MNDA Spring Conference 2008 Brochure

The way I personally look at MND research and the way in which we are progressing is to use the analogy of a big 5000 piece puzzle. Now over the years some very dedicated men and women throughout the world have been able to turn over a few of the pieces and we’ve been able to see their colour and glimpse a fragment of the image but we still have no idea what the big picture is or how all the pieces lock together. Dr Brian Dickie used the analogy of trying to climb a huge mountain, whilst not being able to see the top because it was shrouded in mist, and having no idea of how to get up there. I guess either one works but the point remains the same – we still have a long way to go, but thankfully research activity in recent years has started to accelerate. Let’s just hope that trend not only continues but yields ‘real world’ results. We desperately need a major breakthrough. 

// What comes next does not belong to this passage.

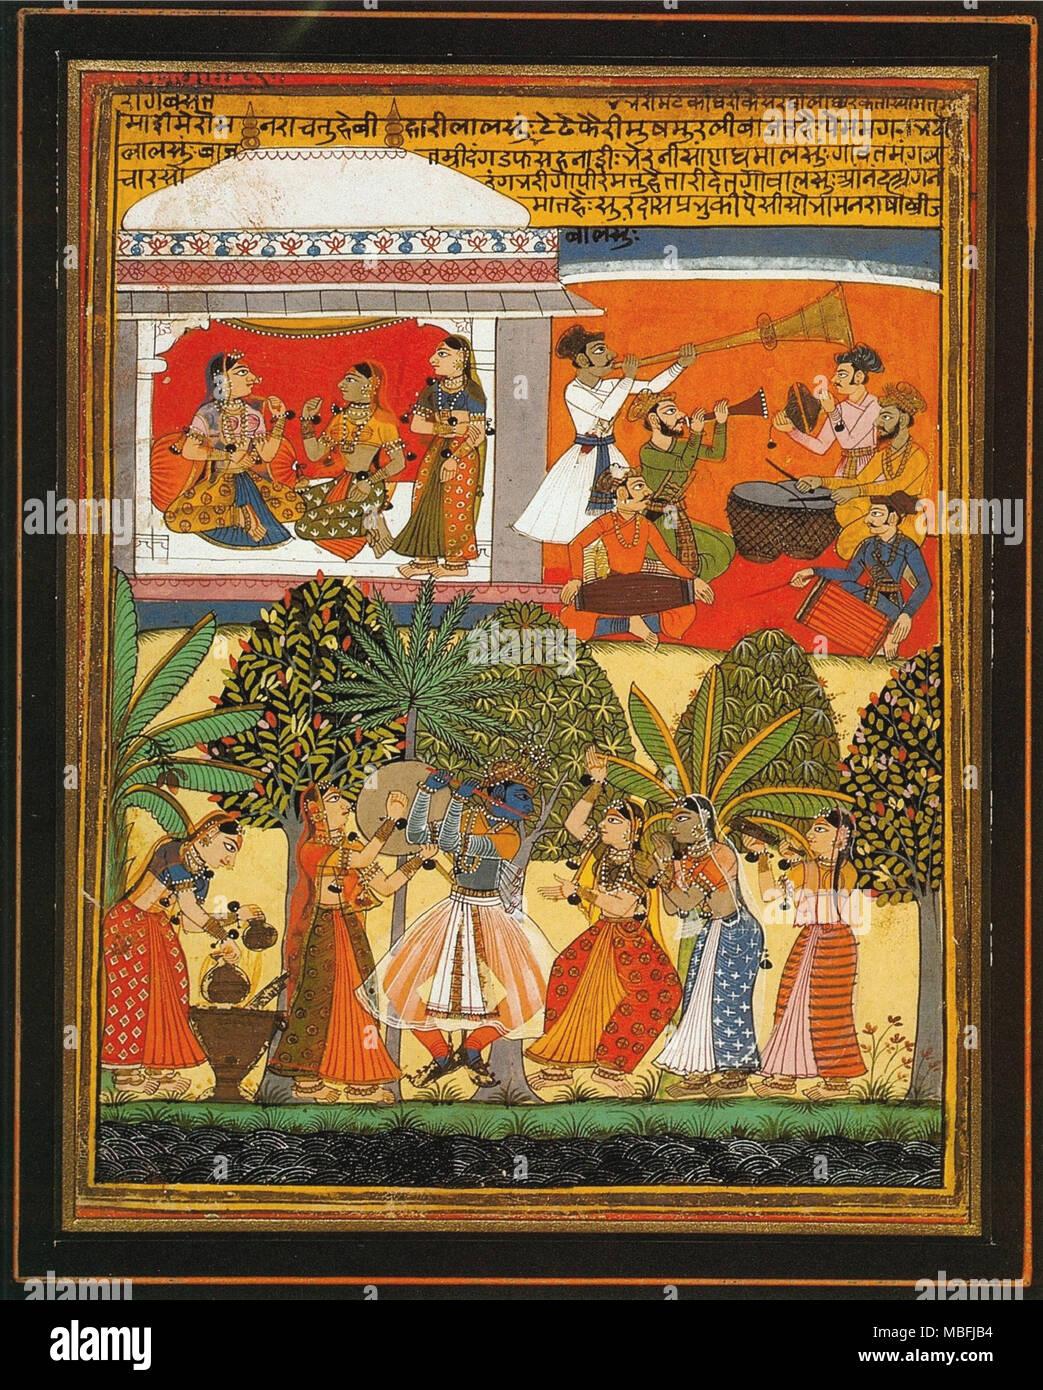 Krishna Dances with the Gopis - Stock Image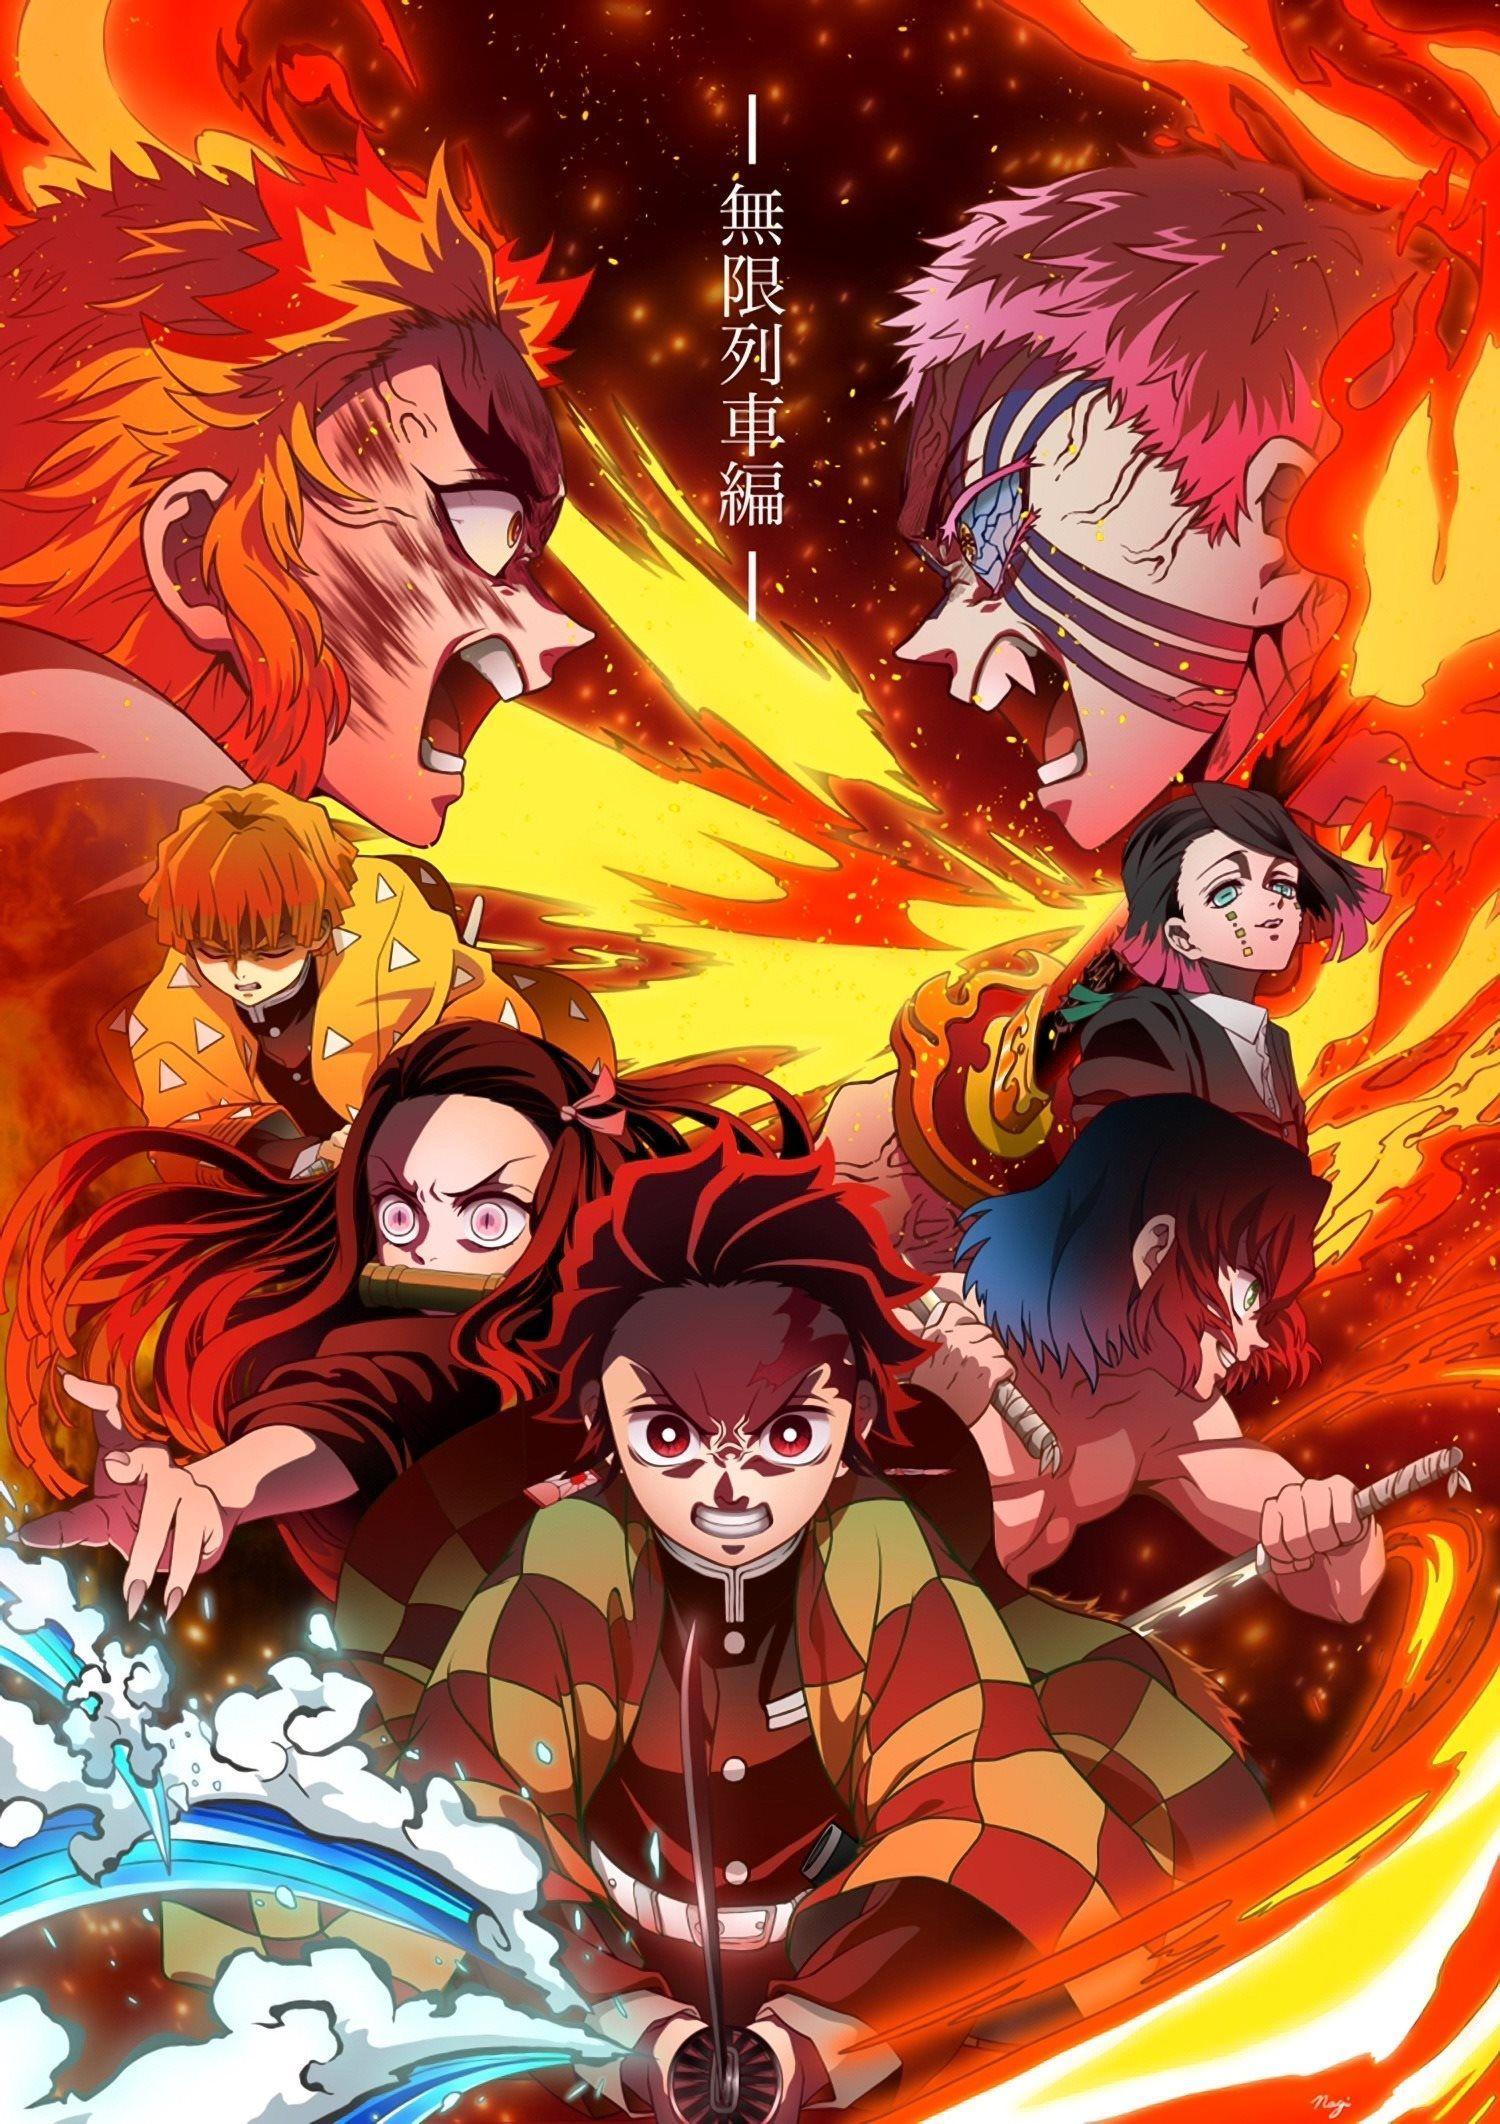 Kimetsu No Yaiba Pelicula Completa En Espanol Latino Sub Espanol Anime Anime Demon Anime Movies

One thing I did notice whilst at the conference and ‘people watching’ was an absence of people who looked unhappy, distressed or depressed despite the severity of some of their disabilities. And that sort of bears out what I have read in the past that MND is not known for being responsible for depression unlike some other neurological diseases. Interesting! 

Before I sign off let me just say thank you to Coral and Linda for taking me to the conference and looking after me throughout the day! Very much appreciated ladies!